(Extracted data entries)
↓

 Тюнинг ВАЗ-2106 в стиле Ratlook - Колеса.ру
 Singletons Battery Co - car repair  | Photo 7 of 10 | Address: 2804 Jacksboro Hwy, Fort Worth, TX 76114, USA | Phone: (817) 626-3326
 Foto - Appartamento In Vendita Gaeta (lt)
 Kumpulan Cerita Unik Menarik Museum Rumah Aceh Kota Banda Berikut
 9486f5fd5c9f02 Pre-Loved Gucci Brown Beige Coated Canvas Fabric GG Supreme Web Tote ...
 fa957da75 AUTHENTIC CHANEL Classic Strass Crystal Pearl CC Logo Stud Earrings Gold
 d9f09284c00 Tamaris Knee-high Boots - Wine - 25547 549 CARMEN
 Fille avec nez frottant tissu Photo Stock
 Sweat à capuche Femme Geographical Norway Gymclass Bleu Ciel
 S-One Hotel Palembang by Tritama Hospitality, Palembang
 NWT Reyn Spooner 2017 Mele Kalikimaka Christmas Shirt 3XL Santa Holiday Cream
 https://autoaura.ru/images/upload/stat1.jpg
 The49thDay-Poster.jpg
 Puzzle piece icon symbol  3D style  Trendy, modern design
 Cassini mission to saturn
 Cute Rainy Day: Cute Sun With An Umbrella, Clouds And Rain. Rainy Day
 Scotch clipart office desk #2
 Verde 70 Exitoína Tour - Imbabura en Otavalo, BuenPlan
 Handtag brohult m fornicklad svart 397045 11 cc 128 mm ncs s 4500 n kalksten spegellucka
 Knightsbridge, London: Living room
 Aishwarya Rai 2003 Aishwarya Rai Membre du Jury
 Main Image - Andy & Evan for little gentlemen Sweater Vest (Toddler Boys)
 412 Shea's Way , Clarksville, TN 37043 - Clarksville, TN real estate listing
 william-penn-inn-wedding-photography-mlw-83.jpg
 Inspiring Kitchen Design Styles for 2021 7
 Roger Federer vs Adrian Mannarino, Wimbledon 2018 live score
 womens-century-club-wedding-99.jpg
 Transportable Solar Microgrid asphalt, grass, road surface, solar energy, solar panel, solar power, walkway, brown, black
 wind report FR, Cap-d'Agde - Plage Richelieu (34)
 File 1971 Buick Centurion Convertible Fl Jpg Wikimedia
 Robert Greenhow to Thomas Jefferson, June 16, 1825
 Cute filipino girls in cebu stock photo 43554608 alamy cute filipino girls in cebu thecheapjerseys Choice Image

↑

▶ REQUIRED ACTION
From the records above, give again exactly the lines running from the line with "NWT Reyn Spooner" to the line with "Scotch clipart office desk #2", inclusive.

▶ WRITTEN ANSWER
 NWT Reyn Spooner 2017 Mele Kalikimaka Christmas Shirt 3XL Santa Holiday Cream
 https://autoaura.ru/images/upload/stat1.jpg
 The49thDay-Poster.jpg
 Puzzle piece icon symbol  3D style  Trendy, modern design
 Cassini mission to saturn
 Cute Rainy Day: Cute Sun With An Umbrella, Clouds And Rain. Rainy Day
 Scotch clipart office desk #2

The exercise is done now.